As Robert Reischauer — the CBO head from 1989 to 1995 — put it after one member of Congress wished to know if the CBO’s estimates about President Clinton’s health care reform plan were “in the ballpark,” “Congressman, I believe that we are in the town the ballpark is in. ”






One Response to “In Defense Of My Argument Against The Congressional Budget Office”

  1. hipparchia Says:

    Rather, I was highlighting the deficiencies within CBO’s accounting process. I’m not attacking “the guy who writes the numbers on the price tag,” I’m questioning how “the guy” comes up with the numbers in the first place.

    Probably “the guy” [and who says it has to be a guy?] took a lot of math courses in college.

    Snark aside, a careful review of the literature suggests that comparative effectiveness research, electronic medical records, disease management programs, and the other proposed ‘reforms’ don’t save all that much money after all.
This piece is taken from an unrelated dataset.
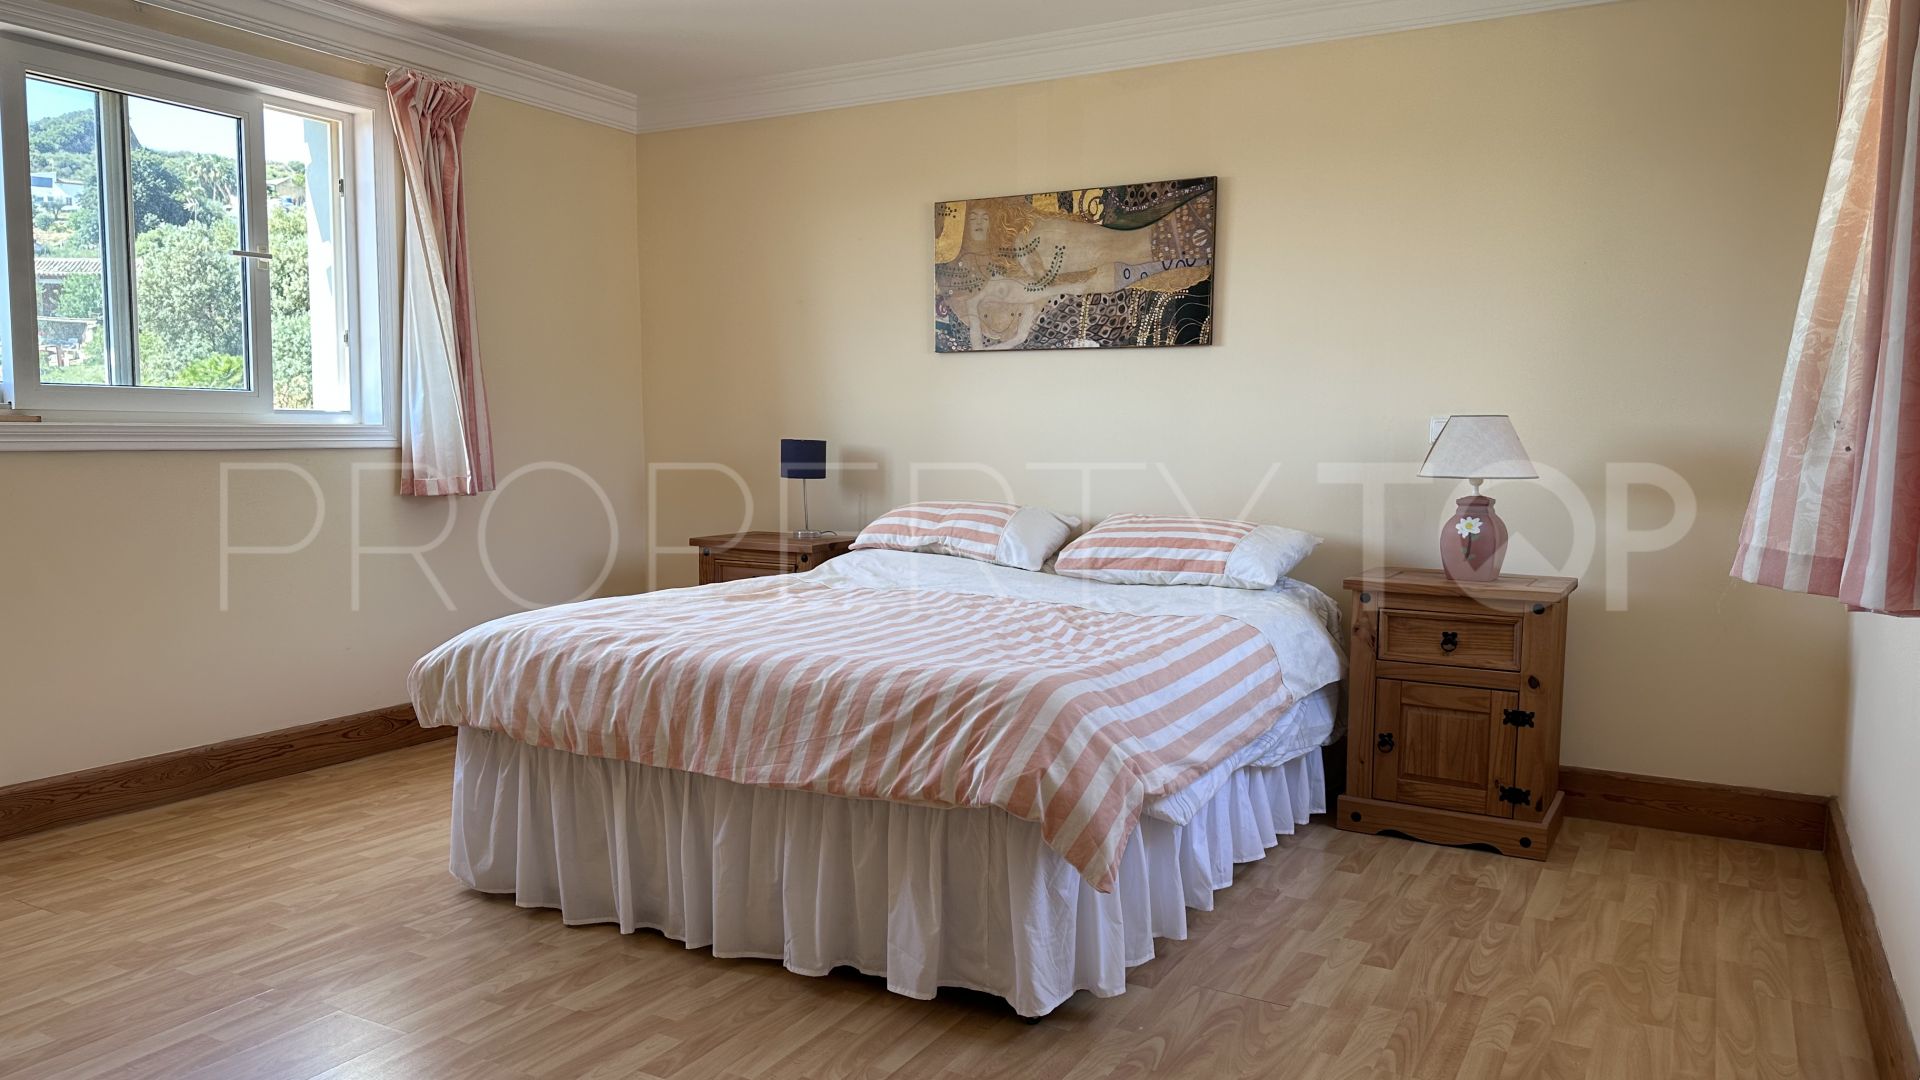 Finca with 5 bedrooms for sale in La Gaspara

    Forty years ago, Canada and the US had the same kind of health care system, and approximately the same health statistics. Thirty-five years later, the Canadians were living 3 years longer than Americans, a noticeable but still modest improvement in health status. I’d be willing to bet that the gains in productivity and revenue were small in those first 10 years after Canada enacted universal single payer health care [which is the budget window CBO was asked to score iirc]. Probably you’d have to wait for an entire generation that had grown up with excellent cradle-to-grave health care to start seeing real differences.

    The CBO scoring I’d like to see would be for HR 676.